First of all, reading binary data in Haskell is currently "messy". 
Haskell tends to assume that files contain plain ASCII. (If you want to 
be technical, it usually reads 8 bits at a time, and interprets these 
literally as a Unicode code-point.)

That aside, the readFile function gives you (conceptually) a giant 
string representing the entire contents of the file. In typical Haskell 
fasion, this doesn't get actually created until you "look at it".

If you wanted to parse a text file, you'd likely read the whole file 
into a string (conceptually) and then pass that over to your parser. The 
parser just knows how to parse strings; it doesn't have to care that 
*this* string is being transparently read from a file first.

Similarly, if you had a function that takes a string and returns the 
decrypted form of that string, you could apply that to the thing 
returned from readFile and then pass the answer to your parser. The 
result is that the decryption function only decrypts data as the parser 
tries to demand it (due to lazy evaluation). All that stuff that Java 
does with layering stream filters is just function calls in Haskell.



Now, the flip side to all this is that lazy file reading can bite you. 
For example, one guy wrote some program that would crash with an OS 
error complaining about too many open file handles. Letting go of a 
pointer to a file handle causes the file to be closed WHEN THE GC RUNS, 
however exhausting the OS handles limit does not trigger the GC...

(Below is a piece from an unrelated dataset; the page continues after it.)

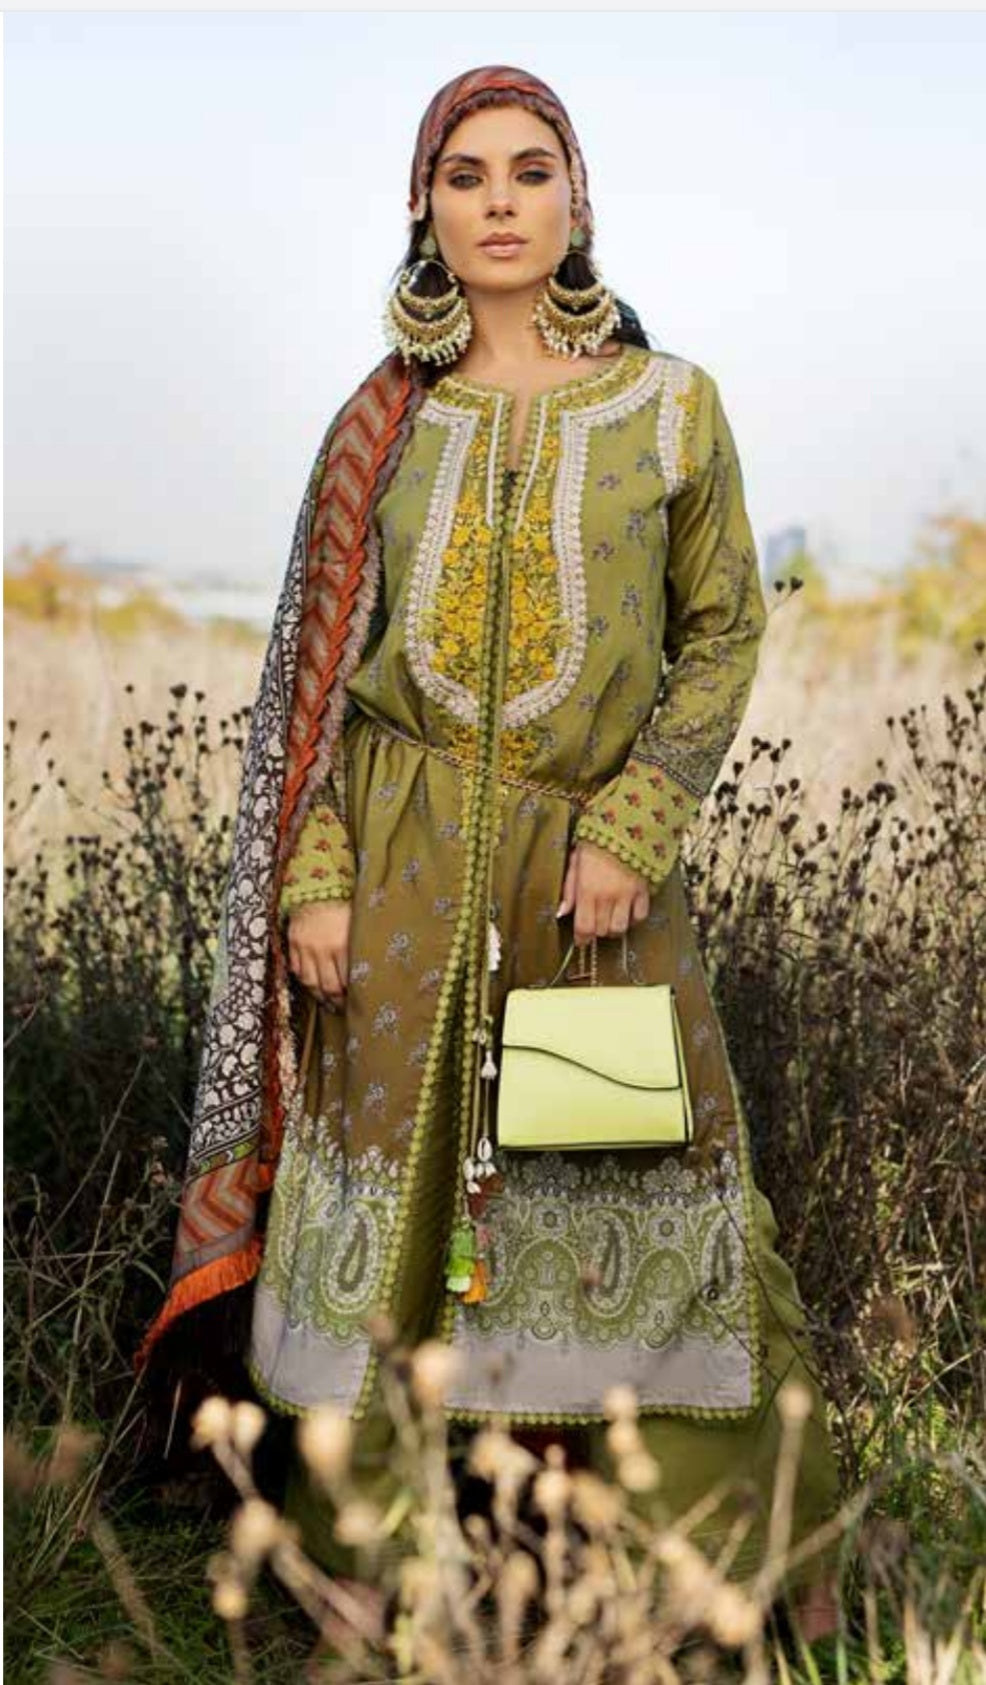 SOBIA NAZIR | SOBIA NAZIR WINTER COLLECTION 2022- Latest Pakistani Designer Women Wear made up of the best quality fabrics with latest styles. Branded Women Wear at discounted prices with Fast shipping on Salwar Kameez, Winter Shawl Collection, Lengha Choli, Bridal wear, winter wear, ready to wear, unstitched, stitched and customise @Lebbaasonline
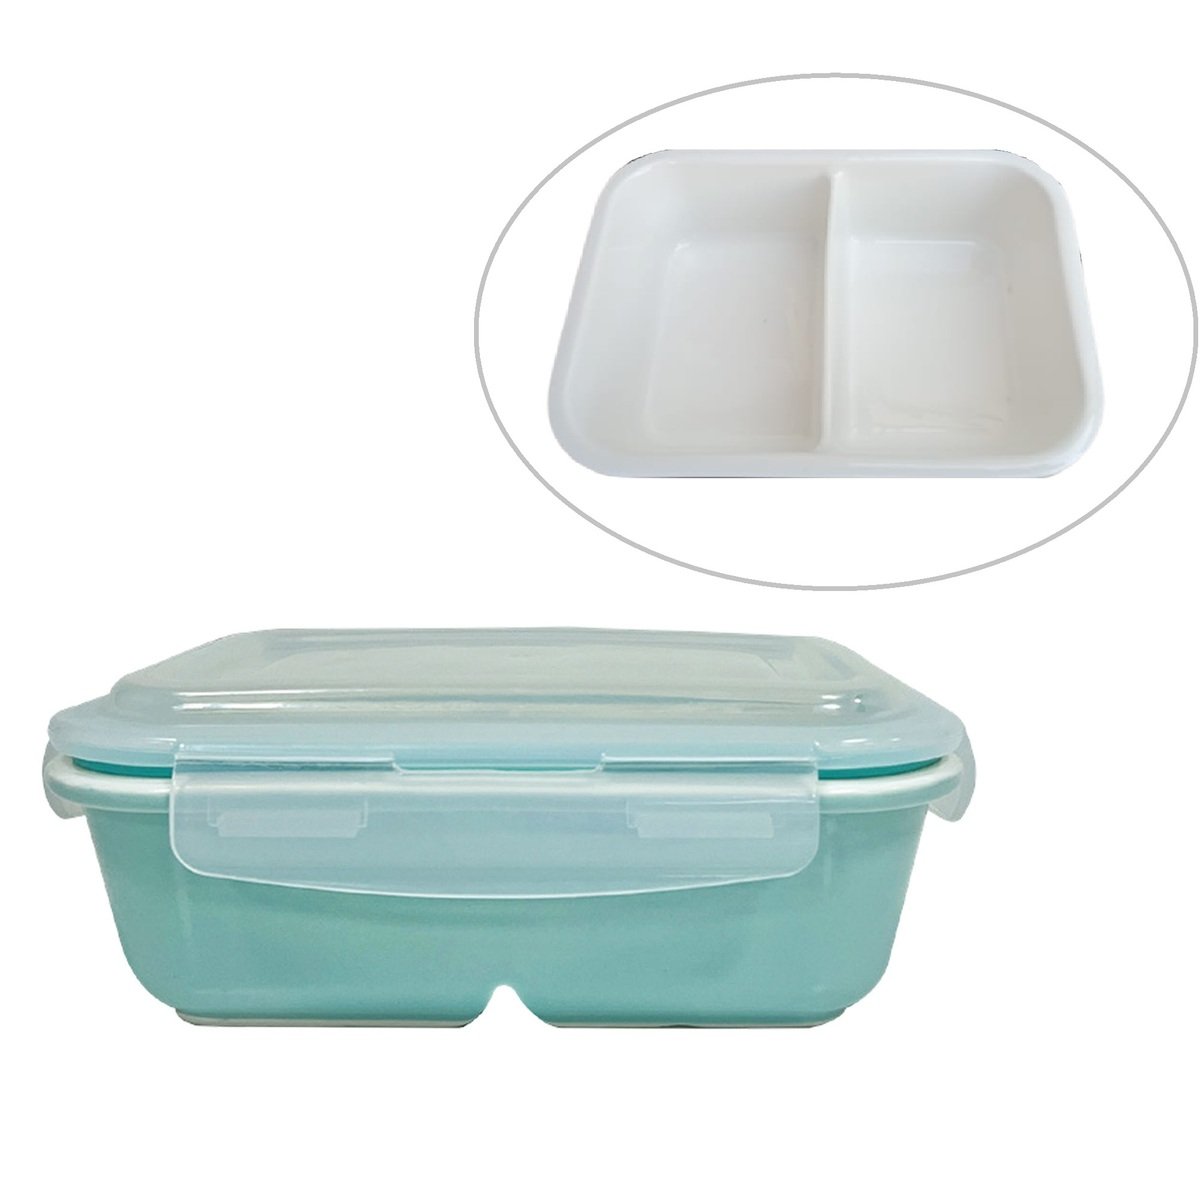 Home Ceramic Food Box With Lid 8.65 Inch 2041STK

There is a certain faction of the Haskell community that considers 
readFile and its ilk to be "evil" and who say you should do things the 
manual way. For example, check this out:

   main = do
     data <- readFile "foo.txt"
     deleteFile "foo.txt"
     writeFile "bar.txt" data

This doesn't work at all. If you run this, the behaviour is technically 
undefined, but generally you will get some kind of OS error. Put simply, 
the first line doesn't *really* read any data - but then you try to 
delete the file (which hasn't actually been read yet, only opened), and 
then write the data to another file (which causes it to actually be 
read). Usually deleting the file is where it will bomb out - the OS will 
usually complain that you can't delete an open file...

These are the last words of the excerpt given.